Dealing with Frustration
It is important not to panic at failure, but to see it as a learning opportunity. Let the child cope and do not rush to solve problems. This starts from a young age, when the child comes home sad because the teacher was angry with them, and continues through different life experiences. In such cases, you can contact the teacher to resolve the issue, but you can also let the child deal with the emotion themselves. For example, suggest they approach the teacher and express what bothers them.
There is a difference between wanting our children to be happy so we feel successful and the moment when the child walks around sad and disappointed. We immediately want to fix, arrange, or improve their mood. It is important to remember that our goal as parents is to help them see the bigger picture, to zoom out and observe from a distance. This will happen later, calmly. To allow this, we must acknowledge the difficulty children feel. Let them know it is okay to be dissatisfied, frustrated, or disappointed.
How to Strengthen Self-Confidence
Self-image is built when a person believes and knows they have resources, traits, and areas where they are good and capable, allowing them to handle less successful parts. Here are some tips to build confidence:
- Emphasize effort and the process, not just the outcome, whether the child succeeds or not. Empower them for their persistence and reflect their good qualities.
- Give children responsibilities at home. A child who knows they are trusted will grow believing they are reliable and needed.
- Consult with children. Ask for their opinion on various topics, giving them a sense of significance and value.

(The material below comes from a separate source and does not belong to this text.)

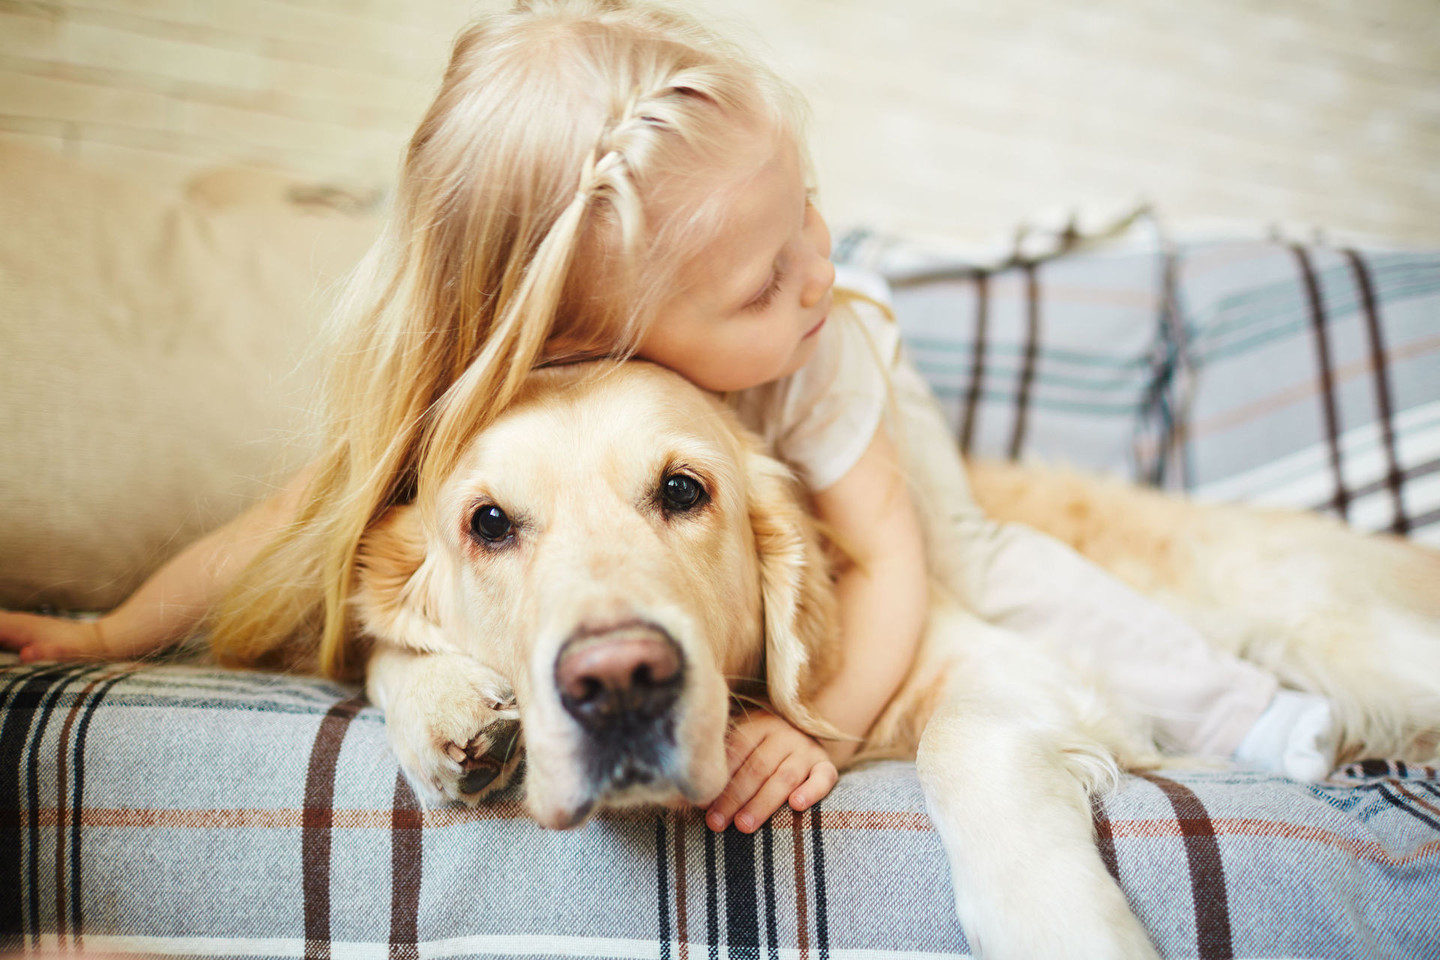 Nustatyta, kad šuns meilė mažina streso hormono kortizolio kiekį vaikų kraujyje.<br>123rf nuotr.

- Identify and strengthen their strengths. Allow children to express their strong sides.
- Accept less “good” traits. When a weakness appears, accept it and show children that it is okay to have less favorable traits, as they can always rely on their strengths.
Overall, focus on positive traits and good deeds, and empower children. Avoid focusing only on what is not working. For example, if a child is shy and constantly reminded to overcome it to make friends, it reinforces shyness rather than encourages social growth. Remember, children do not improve from negative comments.